I am someone who is dedicated to injustice and to fight for the underdog and those who are not being given power.
The thing I am NOT is a vicitm or someone who will give away my power,
NO NEVER AGAIN

I will not ever be vulnerable like that again.
I will never be that naive again.

I got the not surprising last minute invite to come over Arts' last night, early evening- when I was talking and trying to give it a shot at not assuming his behavior was abusive red flags.

At 6:30 I texted to be really clear I am not coming over. So he would not be waiting and have any expectation and could enjoy his evening.
So he could make any plans he wants and not wait around. So he could get busy and not worry or think of me and hope I might show up.
I was still cooking and knew that regardless of the issues

EVEN IF there had been no red flags I would not want to go out.

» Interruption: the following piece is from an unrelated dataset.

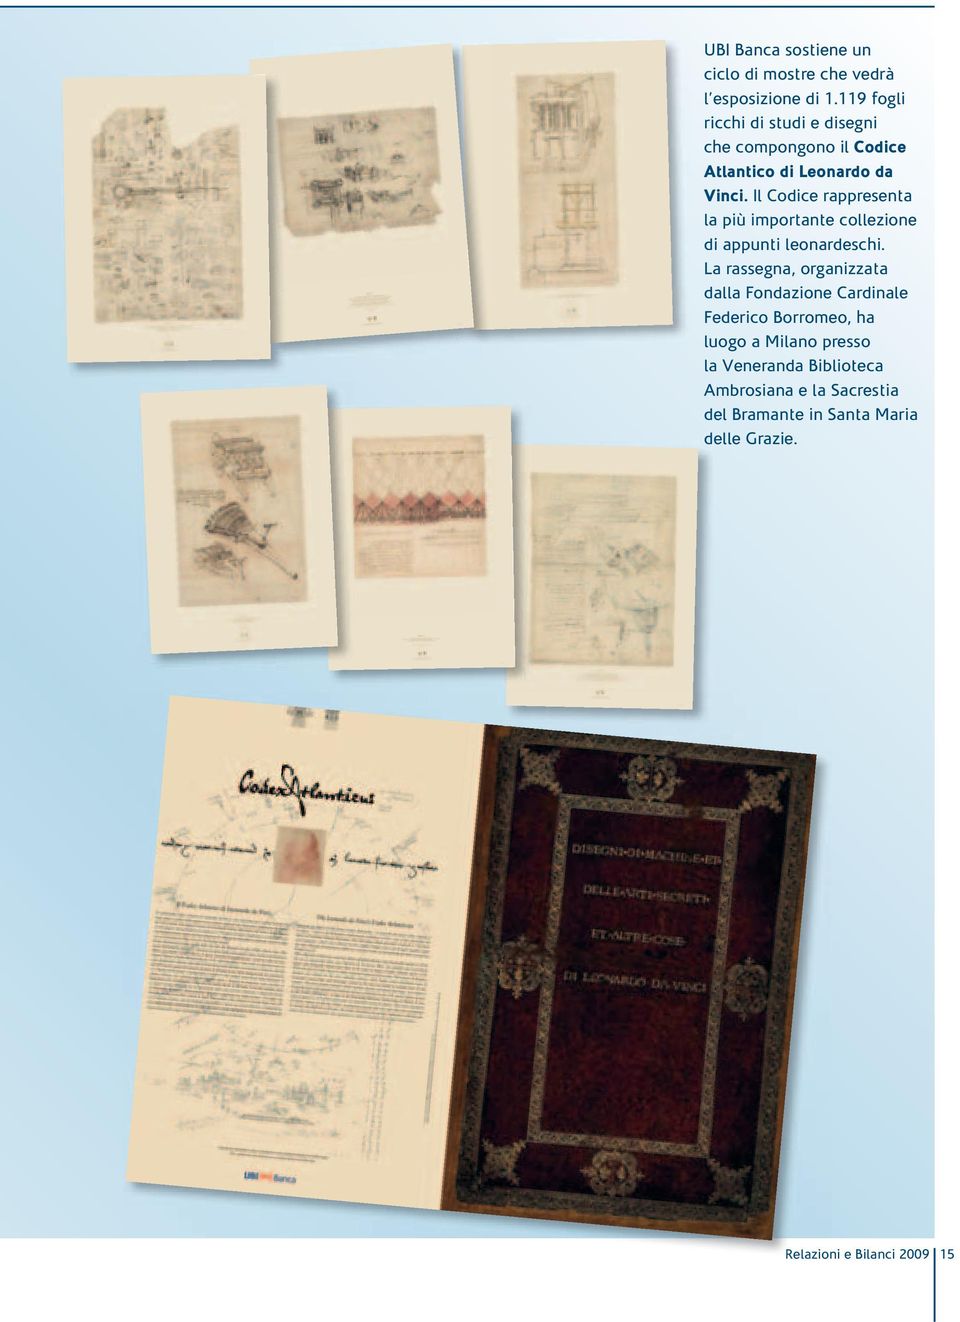 Il Codice rappresenta la più importante collezione di appunti leonardeschi.
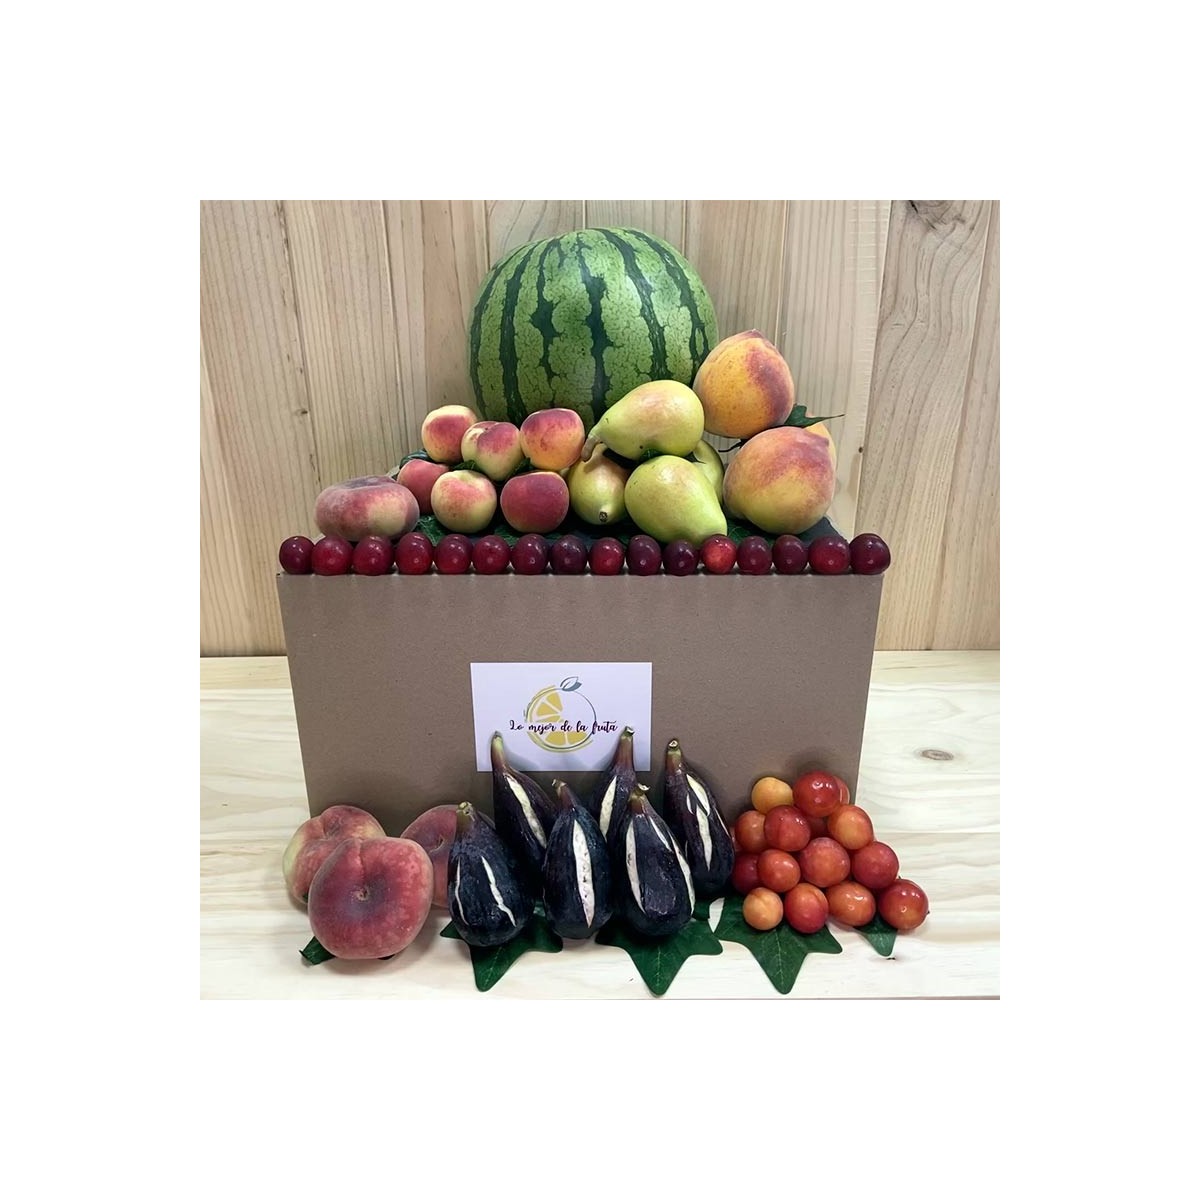 Pack Frutas De Junio - Packs Frutas y Verduras -1- Lo mejor de la fruta

I have travel to DC today. I had work this morning. I had a dog to give a bath to and finances to straighten out. I just wanted to be home and relax and get to bed early. I have to conserve gas til I actually have expendable income and today the trip to show in DC will consume what I have of it!
I really don't want to go ANYWHERE I don't HAVE to go until catch up with paychecks and bills.

I stayed in and watched a couple more episodes of MAID on Netflix.

I am very apprechiative of finding that show just now.
It is so good.

SO GOOD
and so real.
Excellent example of how abuse is insidious. How family patterns are hard to change; how people get caught in the familiar once trauma is the family norm.

I have carved out a home where the healing is still occurring. Until my kids are ready to venture out into the world on their own my priority is THEIR, IS OUR SAFETY.

Just no to anyone who compromises that in any way.